Benchmark Environment
Both Snowflake and Databend Cloud was tested under similar conditions:
Parameter | Snowflake | Databend Cloud |
---|---|---|
Warehouse Size | Small | Small |
vCPU | 16 | 16 |
Price | $4/hour | $2/hour |
AWS Region | us-east-2 | us-east-2 |
Storage | AWS S3 | AWS S3 |
- The TPC-H SF100 dataset, sourced from Amazon Redshift, was loaded into both Databend Cloud and Snowflake without any specific tuning.
Benchmark Methodology
We conducted both Cold and Hot runs for query execution:
- Cold Run: The data warehouse was suspended and resumed before executing the queries.

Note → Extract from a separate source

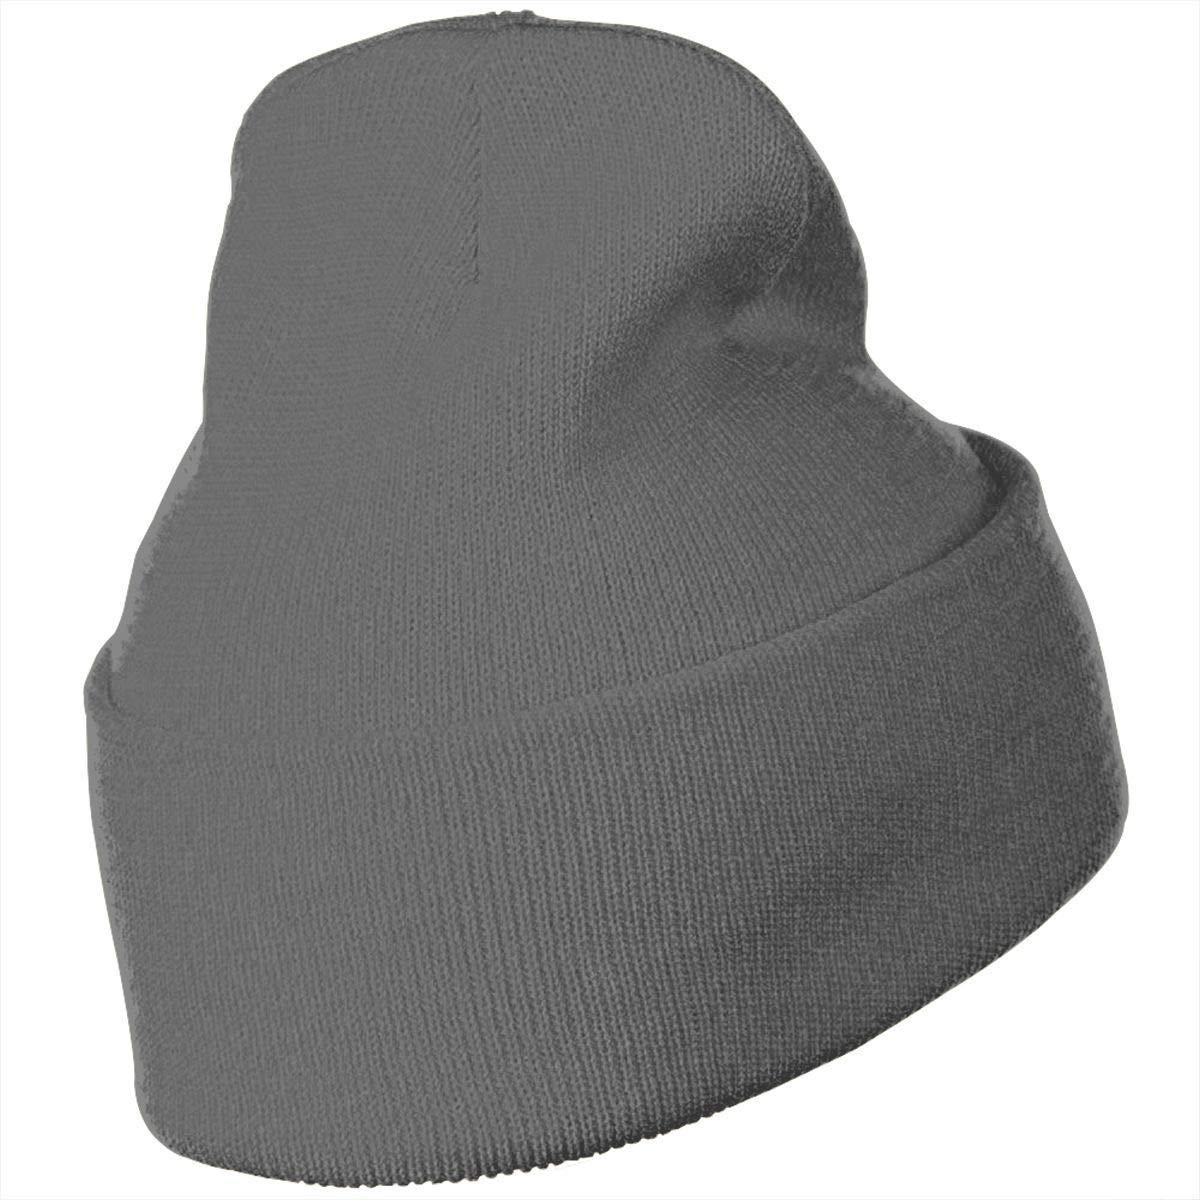 New York Strong 1-3 Cute Ski Cap Mens Womens 100/% Acrylic Knit Hat Cap

- Hot Run: The data warehouse is not suspended, local disk cache is used.
Prerequisites
- Have a Snowflake account
- Create a Databend Cloud account.
Data Loading
-
Snowflake Data Load:
- Log into your Snowflake account.
- Create tables corresponding to the TPC-H schema. SQL Script.
- Use the
COPY INTO
command to load the data from AWS S3. SQL Script.
-
Databend Cloud Data Load:
- Sign in to your Databend Cloud account.
- Create the necessary tables as per the TPC-H schema. SQL Script.
- Utilize a similar method to Snowflake for loading data from AWS S3. SQL Script.
TPC-H Queries
-
Snowflake Queries:
- Log into your Snowflake account.
- Run the TPC-H queries. SQL Script.
-
Databend Cloud Queries:
- Sign in to your Databend Cloud account.
- Run the TPC-H queries. SQL Script.